→ EXERCISE DATA:
════════
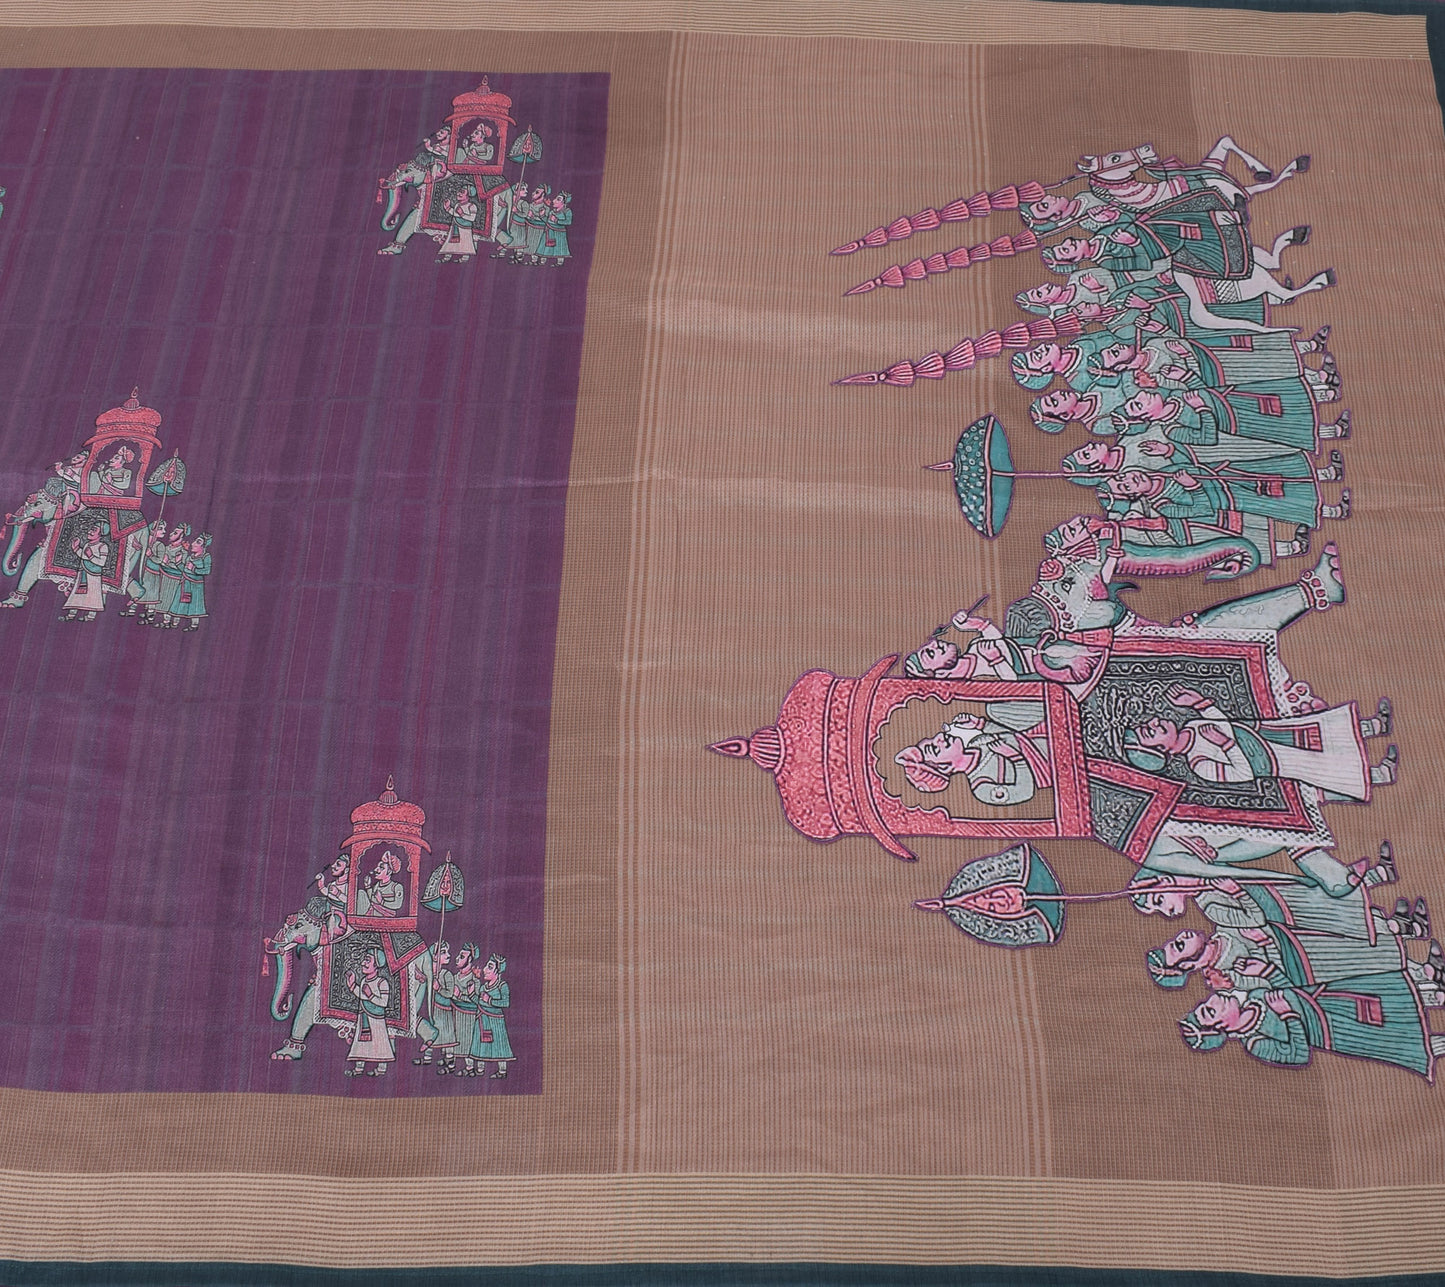 Sushila Vintage Purple Saree Blend Silk Printed Elephant & Human Sari Fabric
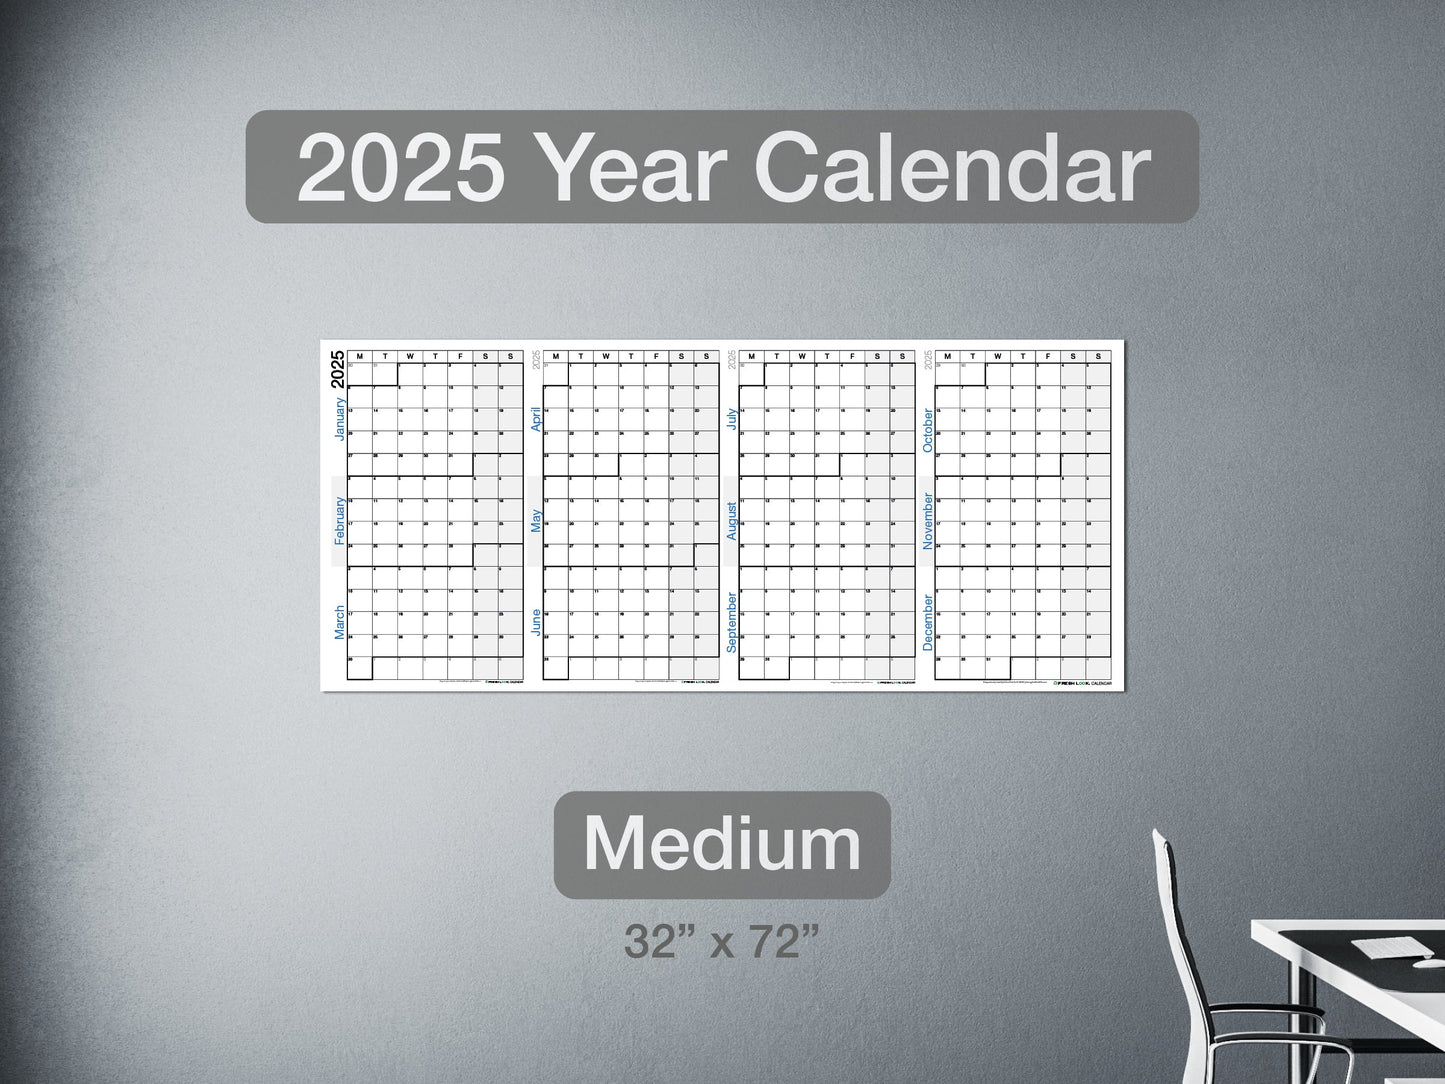 2025 Year Calendar Medium
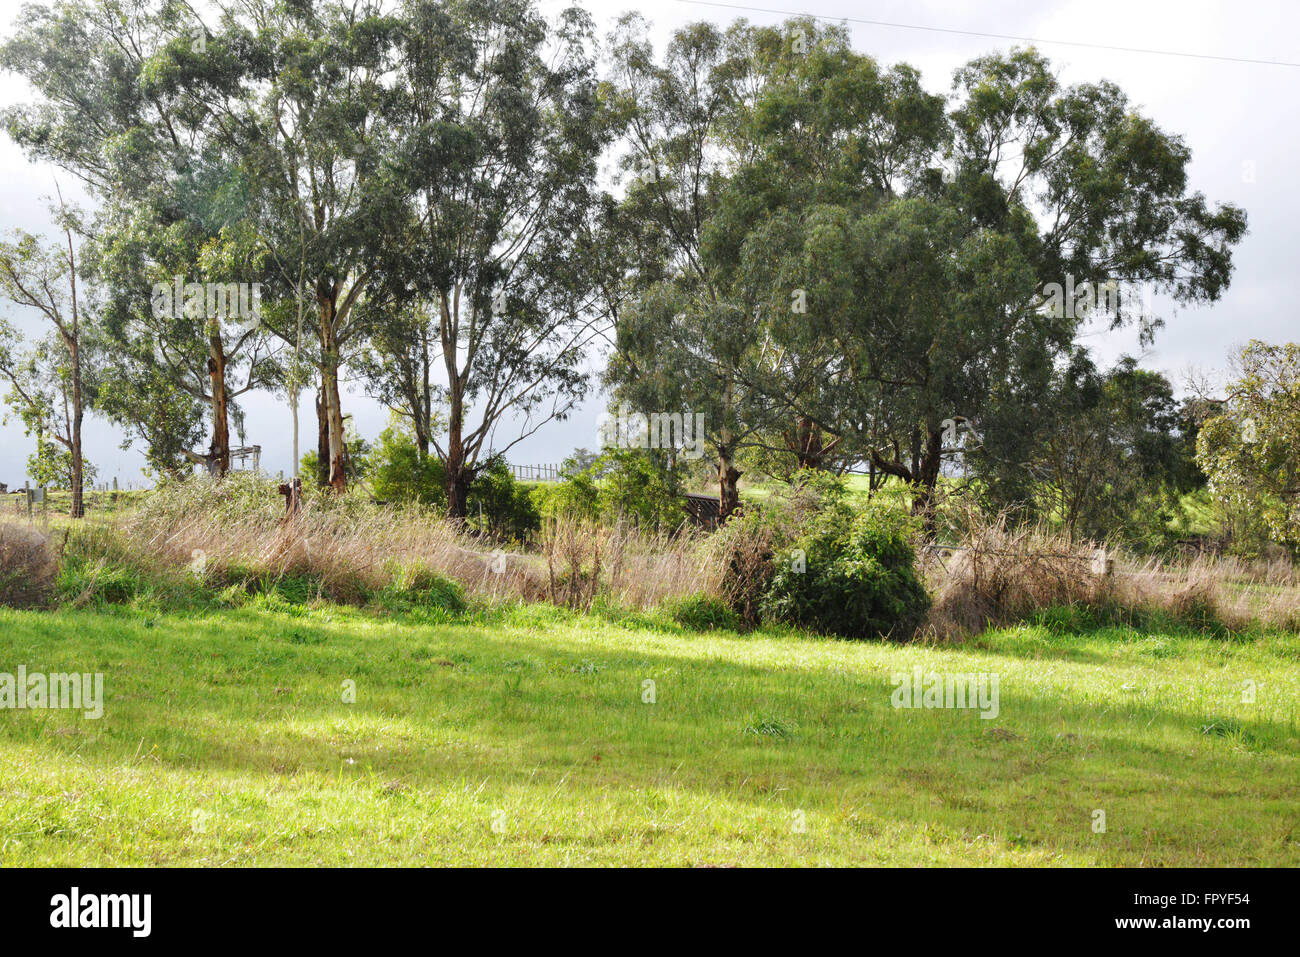 Scene in Rural Australia with Gum Trees Stock Photo
════════
Transcribe, please, the lines from the one holding "2025 Year Calendar Medium" to the final line of the material, both included, exactly and with no extra lines, and skip the pictures.

→ RESPONSE TO THE TASK:
 2025 Year Calendar Medium
 Scene in Rural Australia with Gum Trees Stock Photo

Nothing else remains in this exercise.